>>
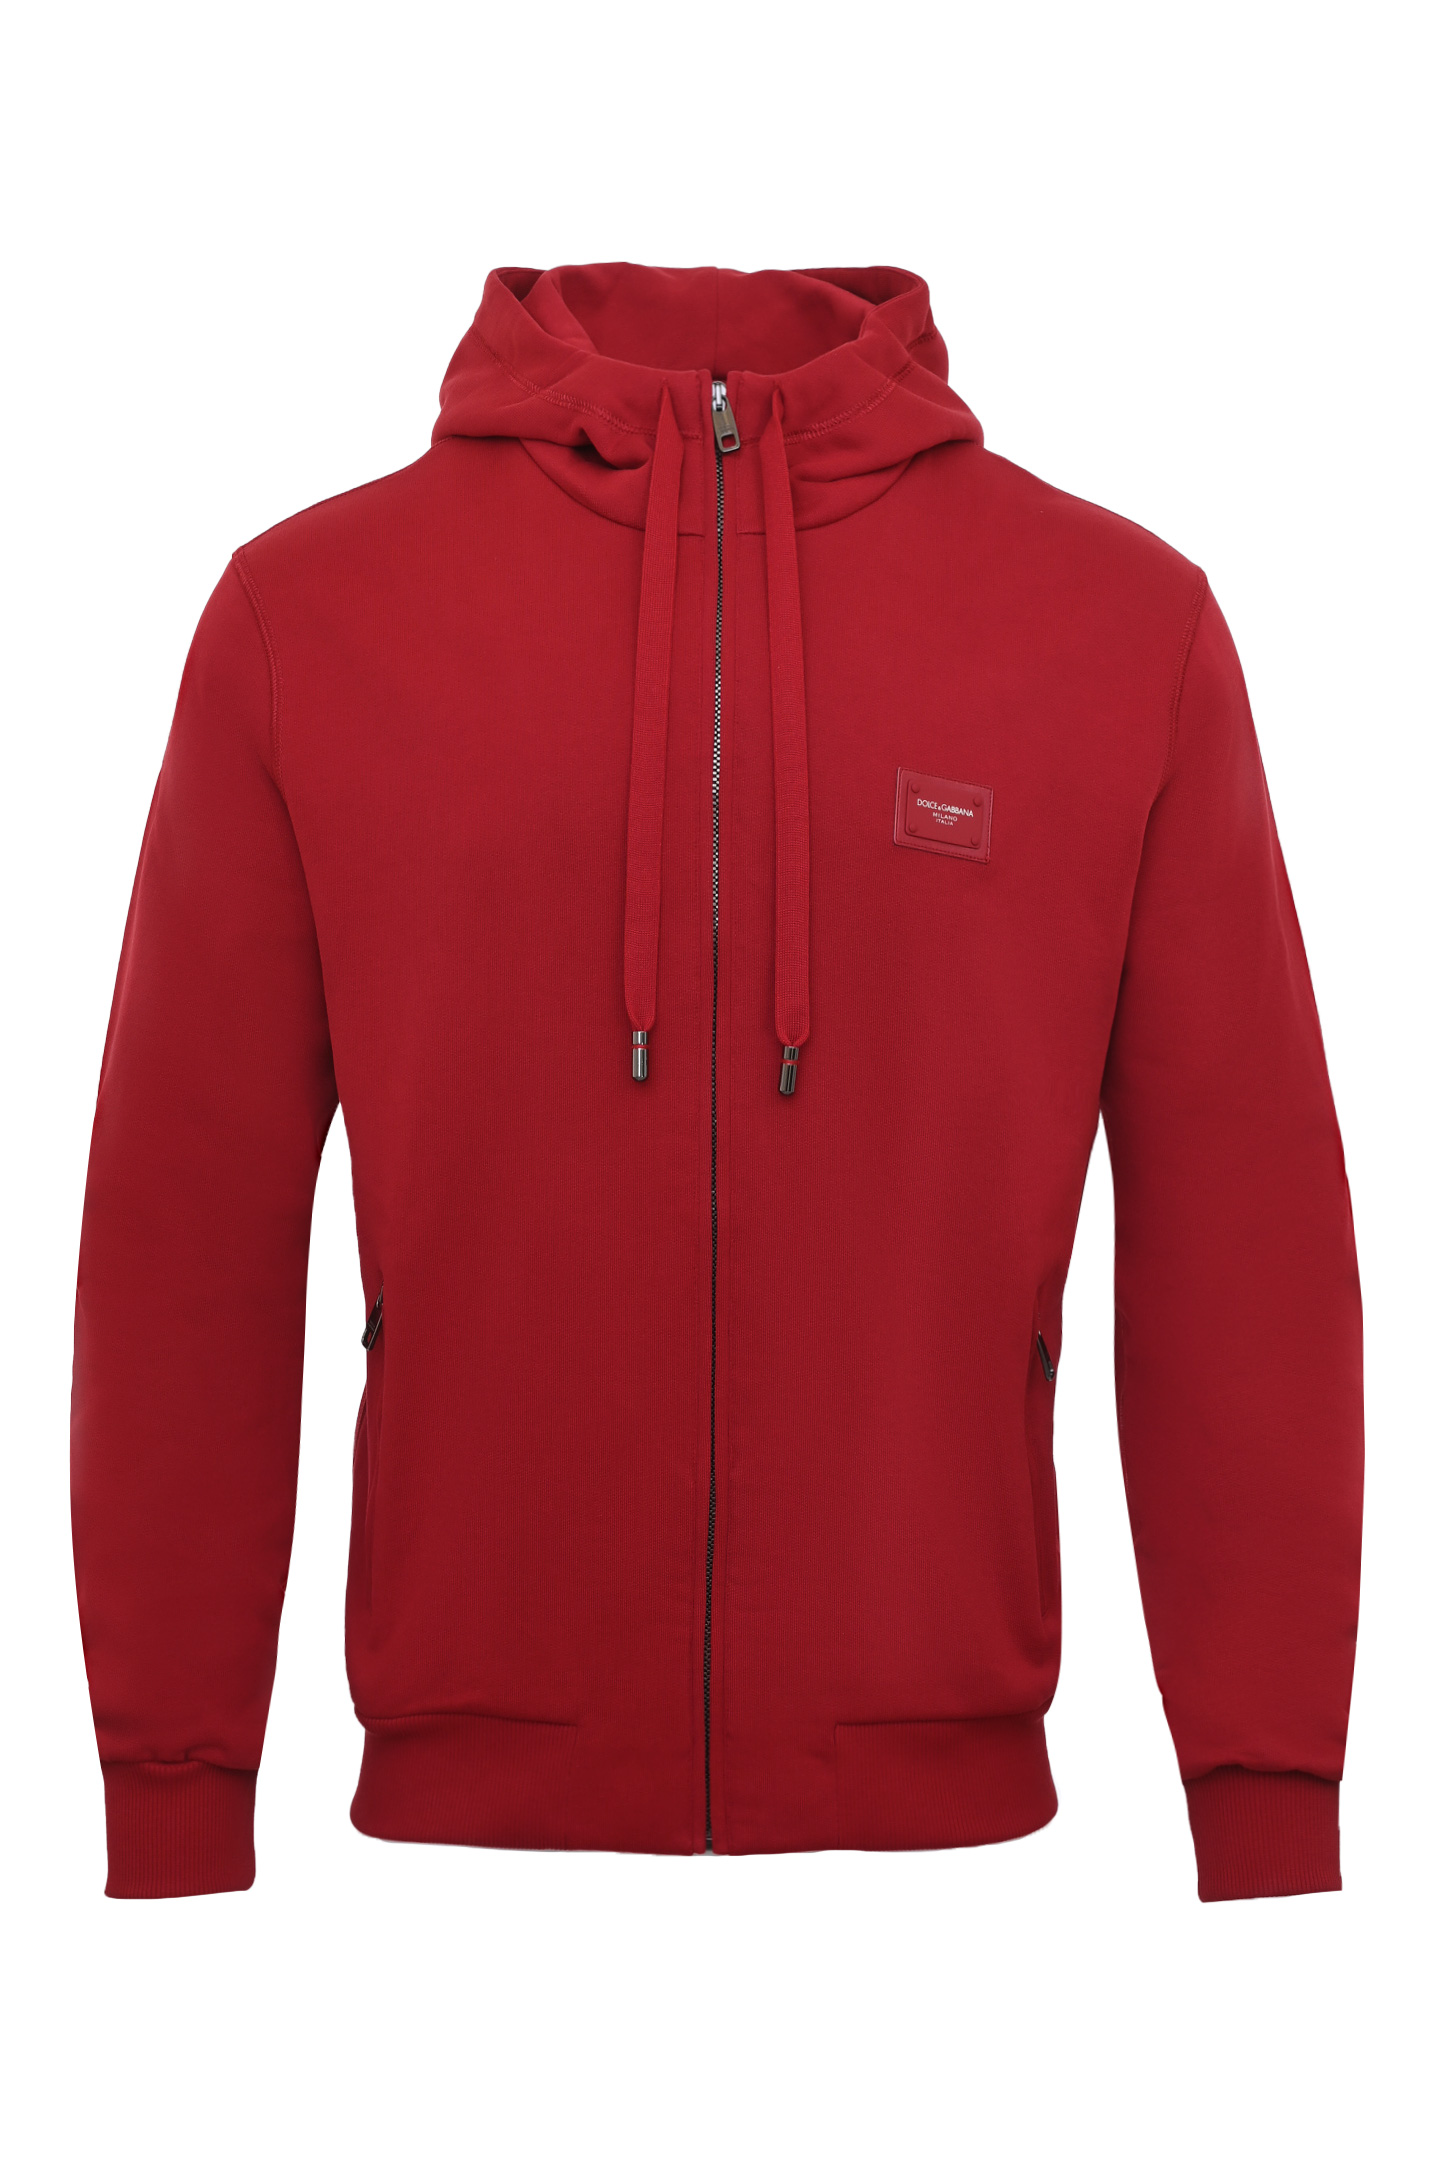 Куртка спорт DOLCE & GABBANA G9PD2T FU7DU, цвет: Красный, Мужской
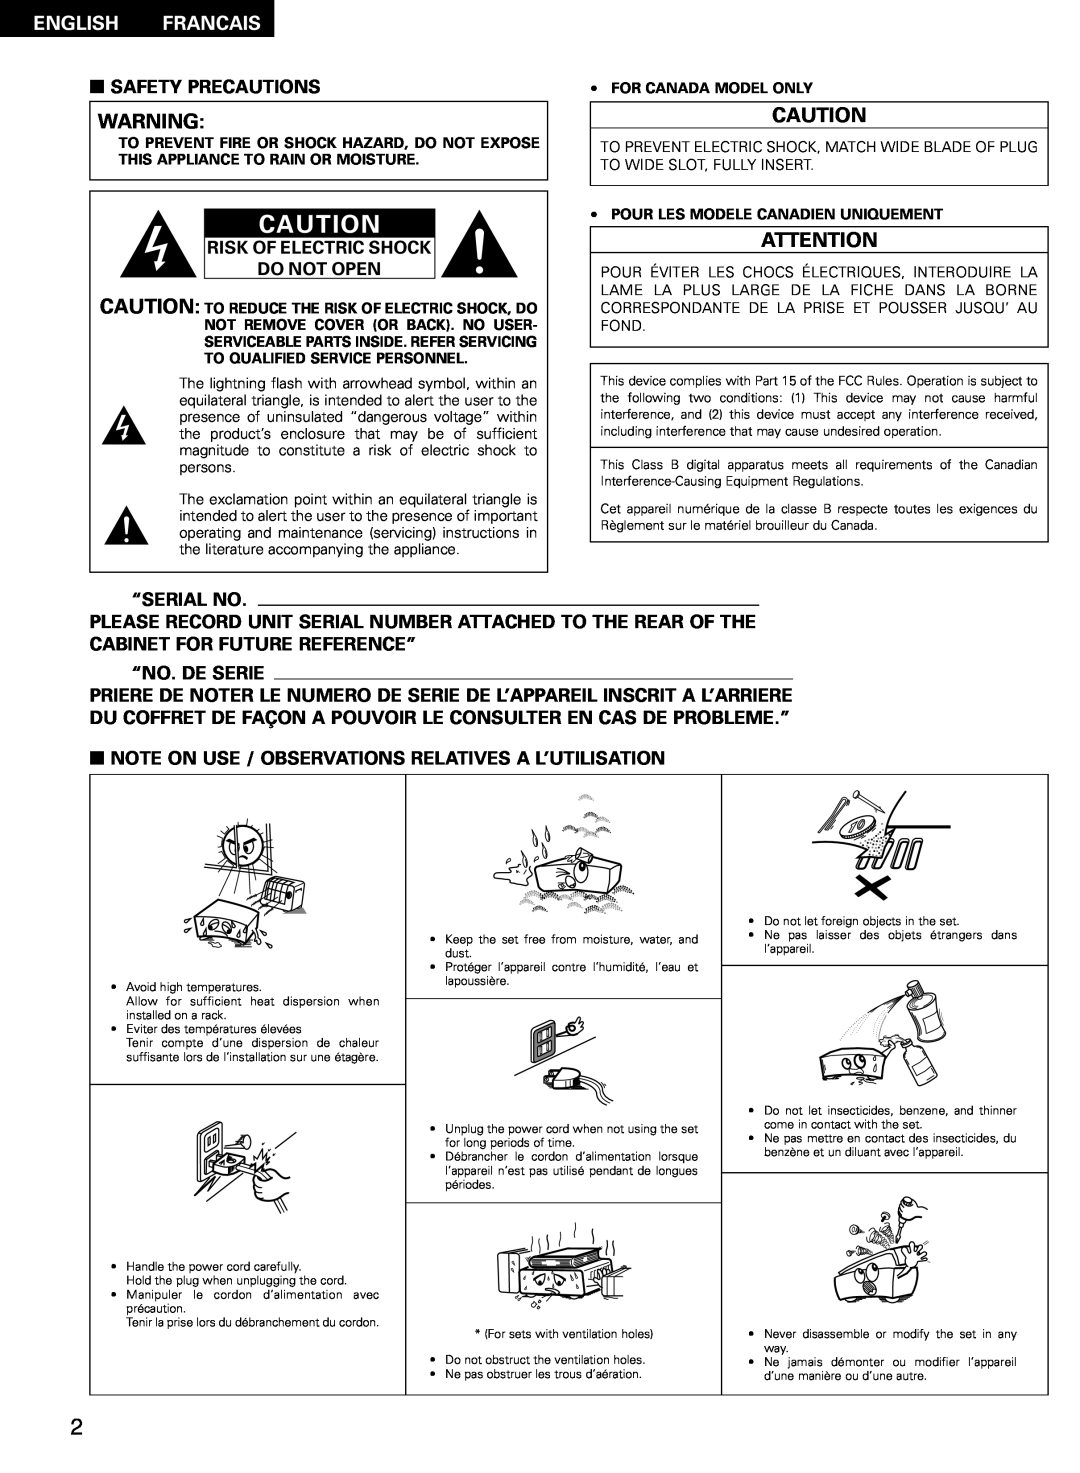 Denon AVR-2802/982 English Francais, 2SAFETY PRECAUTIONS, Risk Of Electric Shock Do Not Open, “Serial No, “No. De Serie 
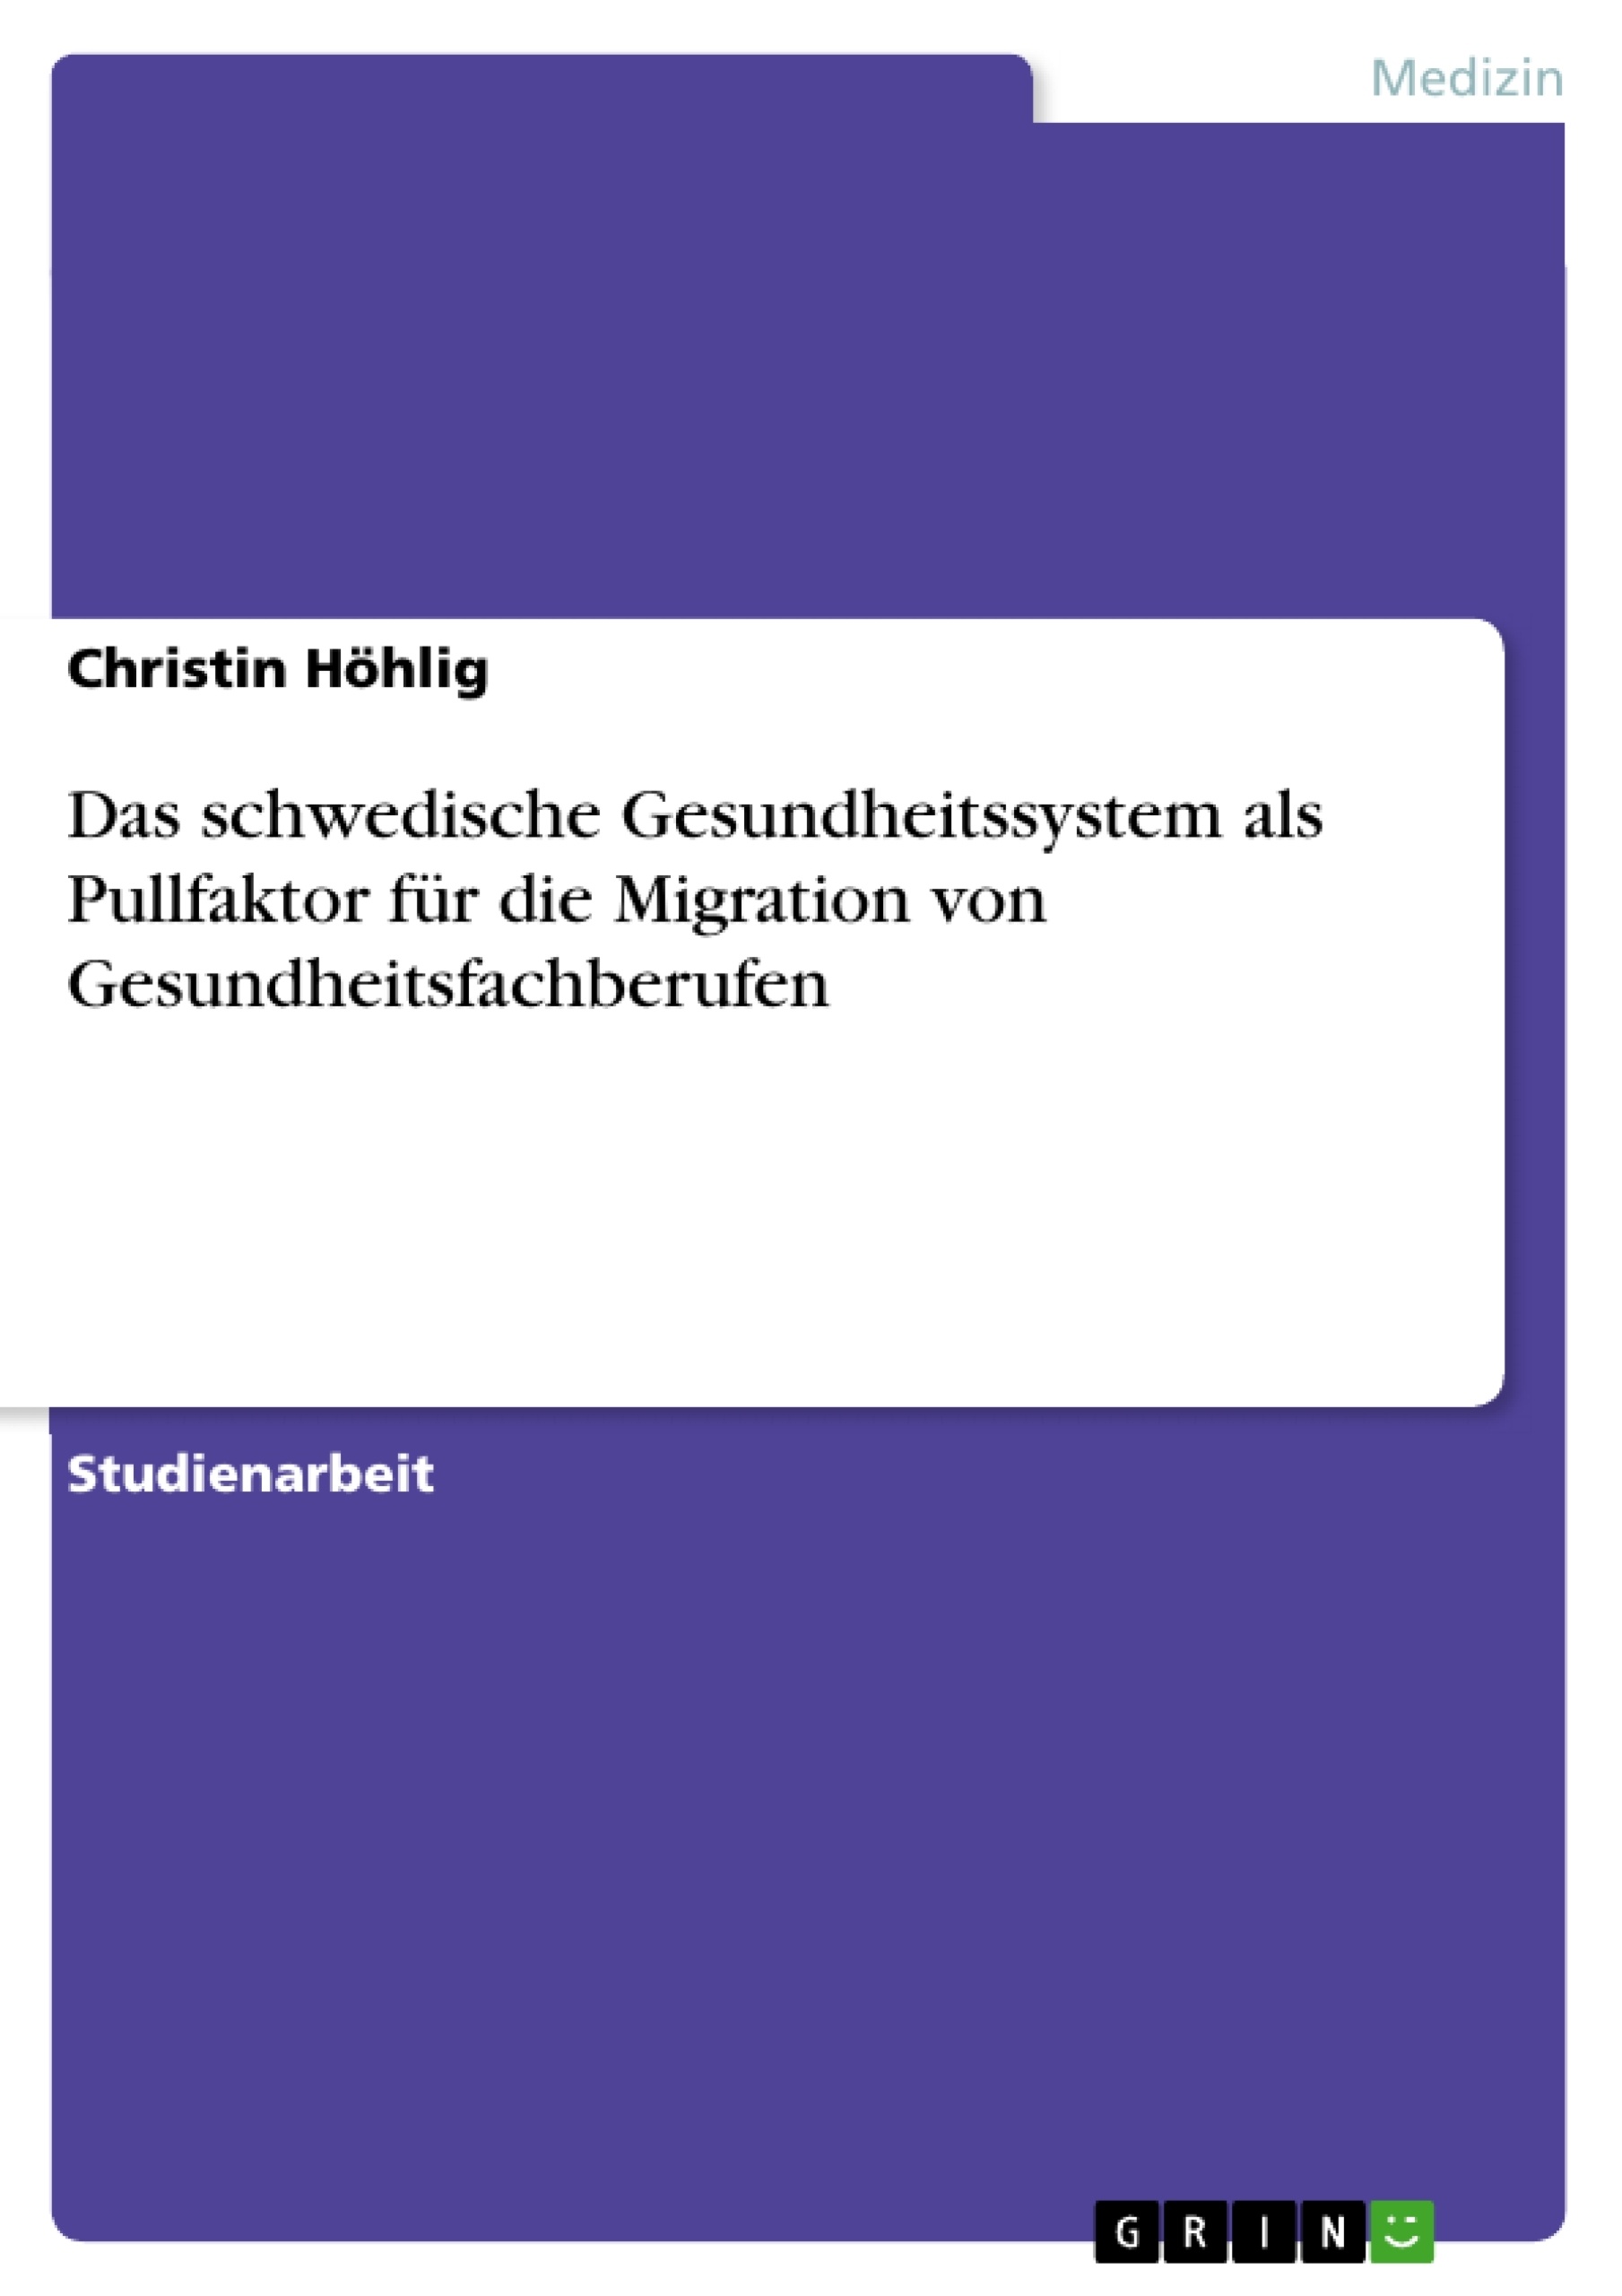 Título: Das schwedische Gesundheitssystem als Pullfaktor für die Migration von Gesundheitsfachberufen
<<
■ **EXERCISE DESCRIPTION**
With the pictures removed, return the full listing exactly as given.

■ **COMPLETED EXERCISE**
 Куртка спорт DOLCE & GABBANA G9PD2T FU7DU, цвет: Красный, Мужской
 Denon AVR-2802/982 English Francais, 2SAFETY PRECAUTIONS, Risk Of Electric Shock Do Not Open, “Serial No, “No. De Serie 
 Título: Das schwedische Gesundheitssystem als Pullfaktor für die Migration von Gesundheitsfachberufen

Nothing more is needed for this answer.